2. The assembly of claim 1 wherein said supplemental power segment is coupled to said valve segment to provide the triggered supplemental powering thereto.
3. The assembly of claim 2 further comprising:
a well access line from the platform and through said valve segment; and
a valve of said valve segment of capacity to cut said line upon the triggering.
4. The assembly of claim 1 wherein said supplemental power segment comprises an accumulator for the supplemental powering.
5. The assembly of claim 4 wherein the supplemental powering is hydrostatic.
6. The assembly of claim 4 wherein the accumulator is an annular accumulator.
7. The assembly of claim 4 wherein said supplemental power segment further comprises a piston coupled to said accumulator, said piston selected from a group consisting of a spring loaded piston and a gas powered piston.
8. The assembly of claim 7 wherein the gas powered piston is nitrogen-based.
9. The assembly of claim 1 wherein said separation segment comprises a shearing joint for a shear-based separating.
10. The assembly of claim 1 wherein the predetermined condition is exposure to a predetermined load.
11. The assembly of claim 1 wherein said relay mechanism is a hydraulic line system.
12. The assembly of claim 1 wherein said relay mechanism is further coupled to said valve segment and equipment at the platform to allow the governing in absence of the supplemental powering.

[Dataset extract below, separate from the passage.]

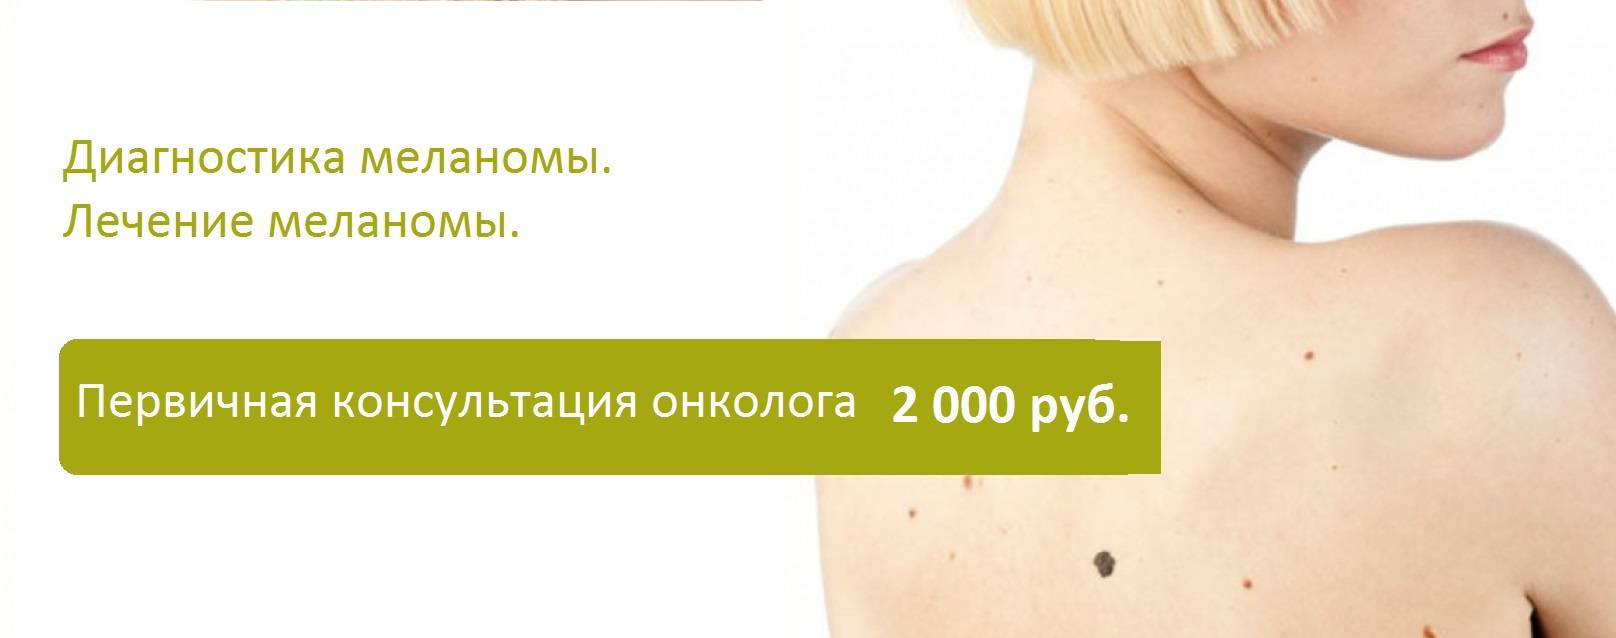 Меланома: признаки, классификация, диагностика, лечение, прогноз
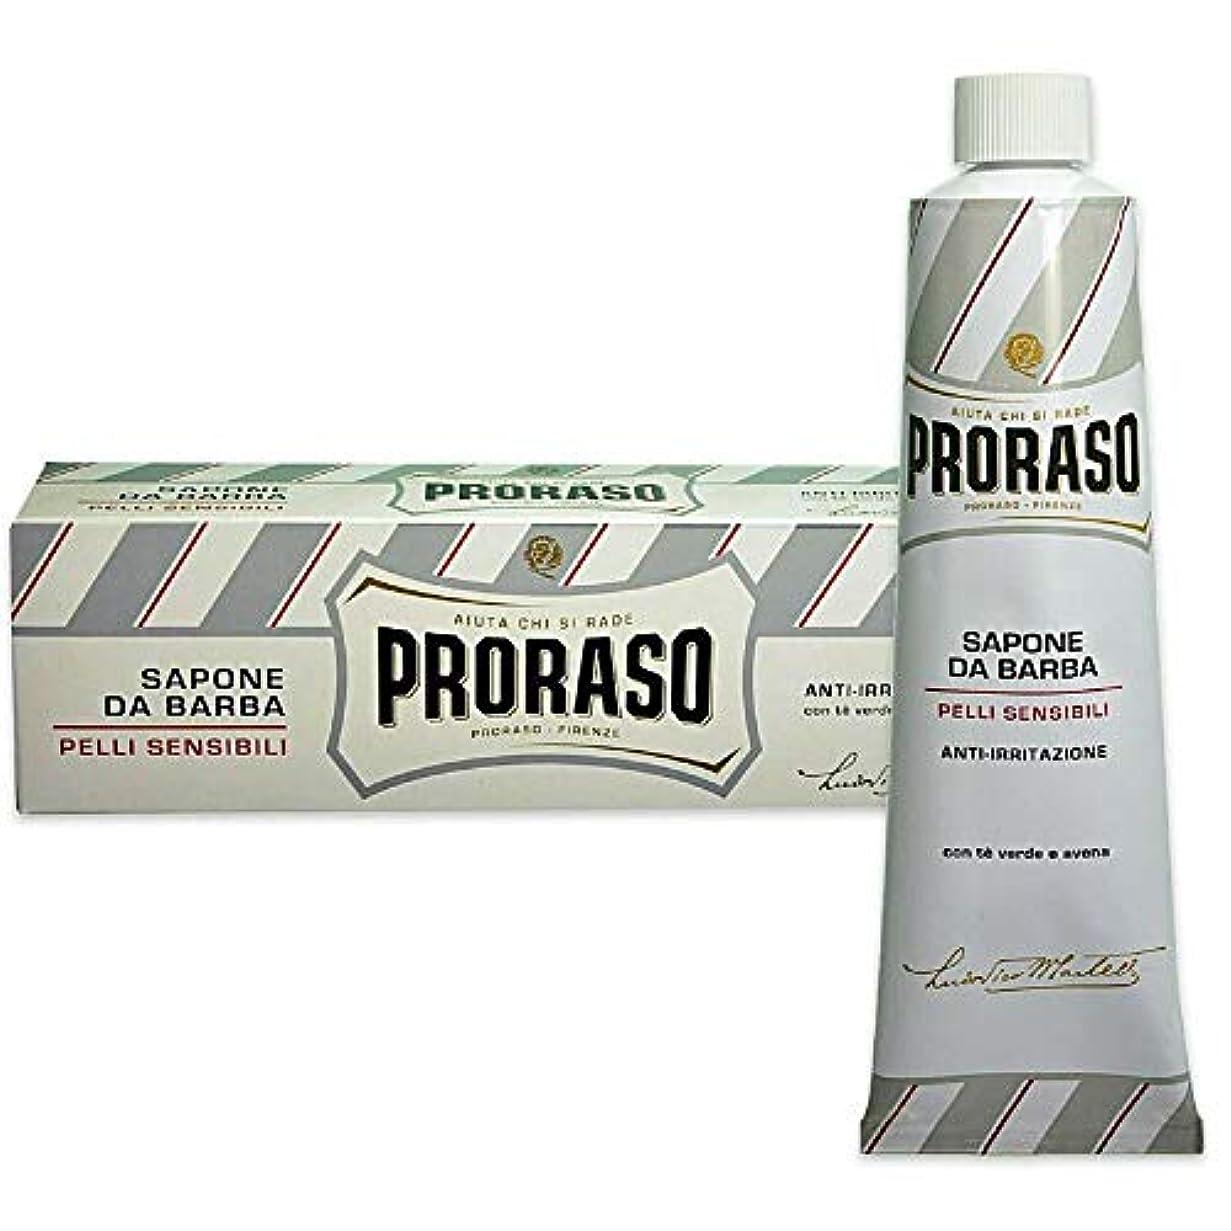 月曜日壊れた同一性Proraso (ポロラーソ) シェービングクリーム センシティブ 150 ml [並行輸入品]

This Patent Document claims priority under 35 U.S.C. §119 to U.S. Provisional App. Ser. No. 61/492,713, filed on Jun. 2, 2011, and entitled, “A Method for Failsafe Subsea Safety Valve Actuation”, incorporated herein by reference in its entirety.

Exploring, drilling, completing, and operating hydrocarbon and other wells are generally complicated, time consuming and ultimately very expensive endeavors. In recognition of these expenses, added emphasis has been placed on well access, monitoring and management throughout the productive life of the well. That is to say, from a cost standpoint, an increased focus on ready access to well information and/or more efficient interventions have played roles in maximizing overall returns from the completed well.

By the same token, added emphasis on operator safety may also play a role in maximizing returns. For example, ensuring safety over the course of various offshore operations may also ultimately improve returns. As such, a blowout preventor (BOP), subsurface safety valve and other safety features are generally incorporated into hardware of the well head at the seabed. Thus, production and pressure related hazards may be dealt with at a safe location several hundred feet away from the offshore platform.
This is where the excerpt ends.